Do we need really need tetrads? OR: Does the No-Go theorem for spinors in curved space only apply to a linear connection?

Question

When I first learned General Relativity, the tetrad formalism was introduced with near simultaneity. I was immediately taught that, to utilize spinors in any way, I had to formulate a local orthonormal frame. I learned to live with that just fine.

Lately, I've been coming across references and methods for utilizing spinors in curved spaces (and oblique coordinates to put it crudely). First I was reading a paper and found references to a paper:

Ogievetskii, V.I. & Polubarinov, I.V.. (1965). ON SPINORS IN GRAVITATION THEORY. Zh. Eksperim. i Teor. Fiz.. Vol: 48.

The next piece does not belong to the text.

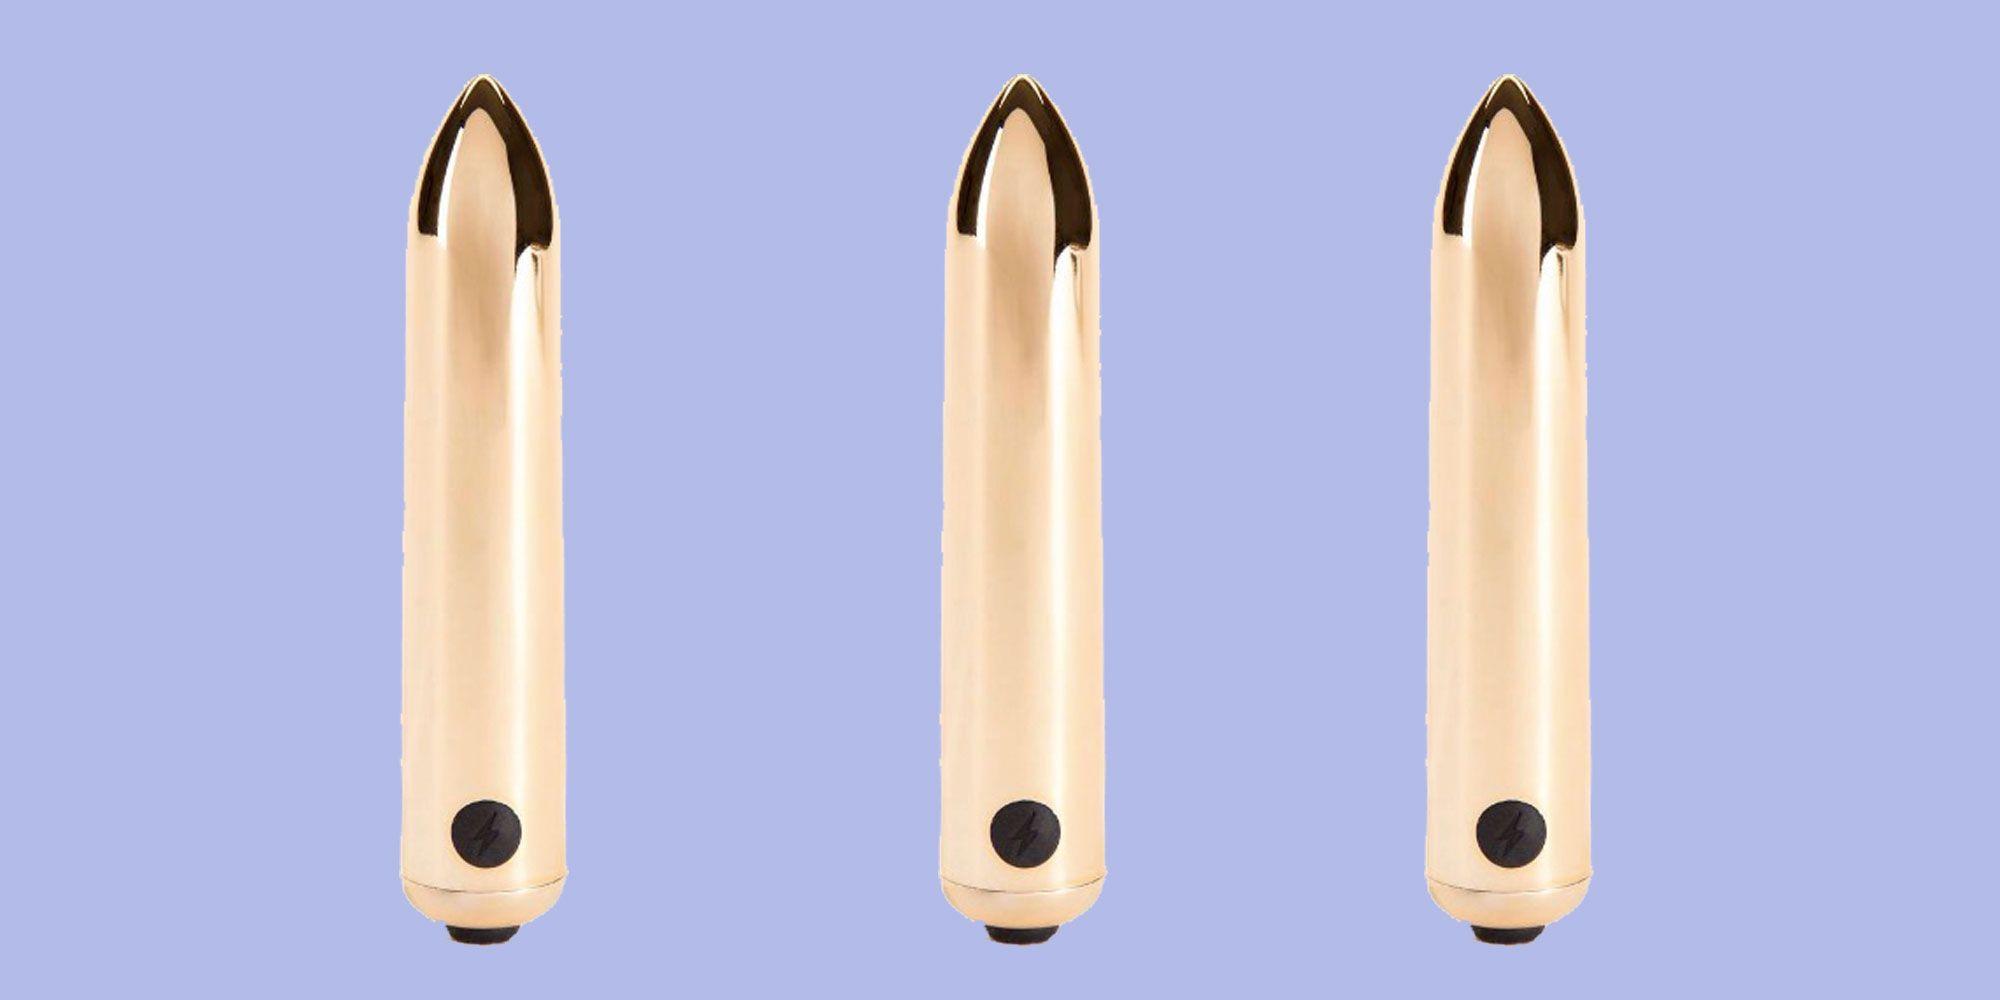 Sex toys for couples -Rocks Off Bullet Vibrator from Lovehoney

Where they talk about the no-go theorem only applying to spinors when a linear connection is used. There are quite a few more recent papers talking about utilizing spinors in curved spacetime without tetrads because they're using a nonlinear connection. here and here for instance.

I now totally get that you can write a tetrad in Minkowski space in terms of a complex Dirac spinor (I'm still learning the Newman-Penrose formalism, but I think of it kind of as a null vector field); however, the idea of utilizing them in full curved space? I've seen nonlinear connections used in other contexts so it seems kosher to me. Can someone straighten me out on this? Do we really need tetrads?

Answer 1

Tetrads are used to reformulate gravity as a gauge theory in the same way that the other forces are. The idea is that we know how to quantise such gauge theories, and the idea is to use a similar strategy to tackle the quantisation of gravity.

The no-go theorem doesn't apply to connections. Spinors can't always be introduced on a manifold, to do so we require a spin structure, and only certain manifolds allow this, such manifolds are called spin manifolds.